Abstract

The Great Famine of the 1840s, one of the most catastrophic events in the history of Ireland, had been nearly absent from Irish writing until the 1990s when Eagleton noted that the Famine was hardly referred to in the Revival literature or Joyce. It can be said that the Anglo-Irish Protestants, leading the Revival and belonging to the land-owning class, evaded the tragic event which their immediate ancestors had survived mostly intact. Joyce, the Irish Catholic, was not free from the historical trauma either, which makes him only allude to it in his work, particularly Ulysses. The Irish Catholics were not completely innocent victims but often complicit in their own tragedy.
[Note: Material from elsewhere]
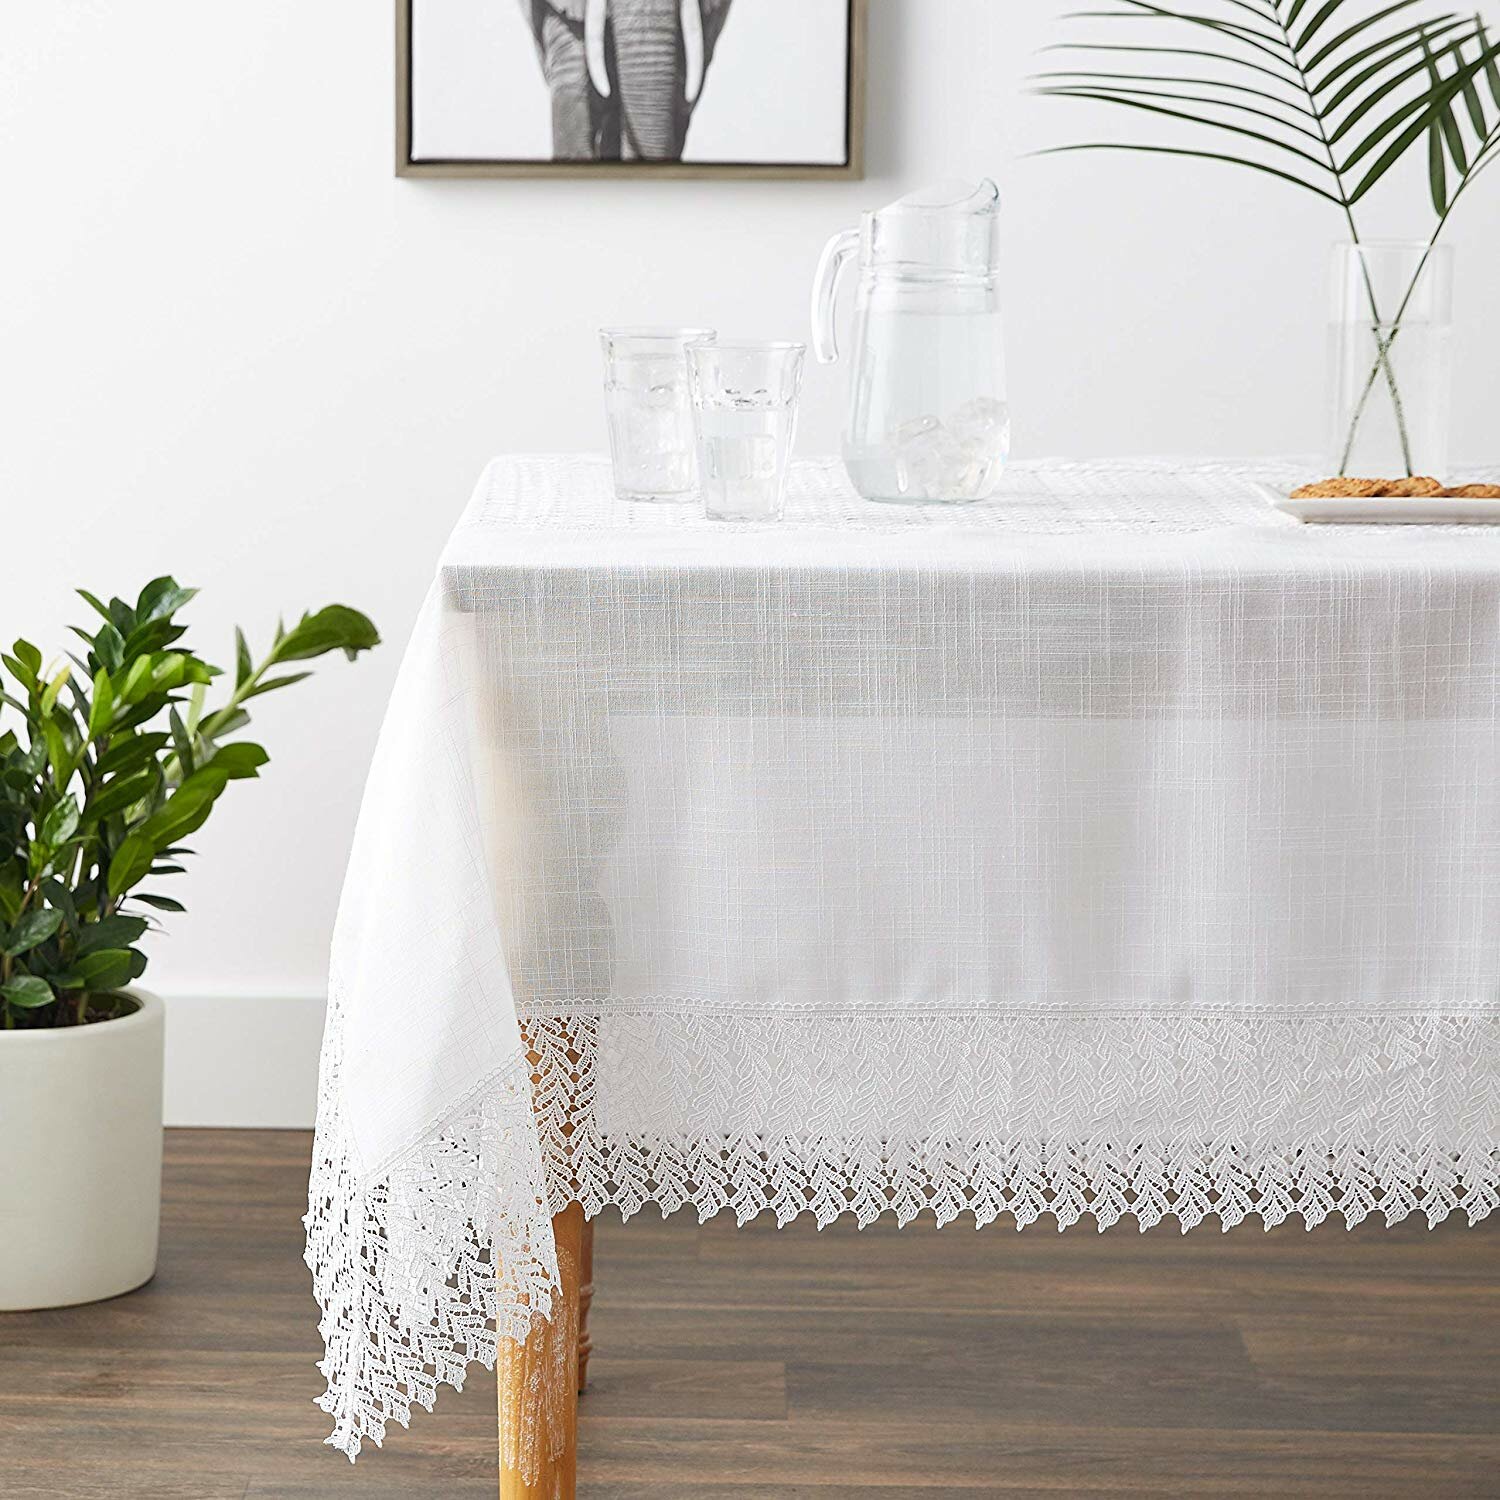 Rectangular/Square, 60x120 Inch Kitchen Dining Room Table Linens WIHVE Tablecloth Dream Catchers Vintage Style 100% Polyester Indoor/Outdoor Soil Resistant Tablecloths

The Church inculcated them with the scrupulousness of morality, which made them starve rather than withhold the landlord’s rent during the Famine. Their submissiveness to the Church led them to be indifferent to the suffering and death of others as well as their own. Thus, the Irish feel a sense of guilt for the horrible memories of the Famine, which inhibits them from remembering the history altogether. The memories come back only as a nightmare or a ghost, like the ghost of Stephen’s mother in Ulysses. The mother’s ghost, evoking the starving and dying during the Famine, symbolizes the guilt of the Irish Catholics, as well as Stephen’s personal guilt of declining his mother’s last wish. Stephen, only trying to awake from the nightmare of his mother’s ghost without confessing his guilt, remains paralyzed. With the Famine memories missing, Irish history remains a nightmare from which they will never awake.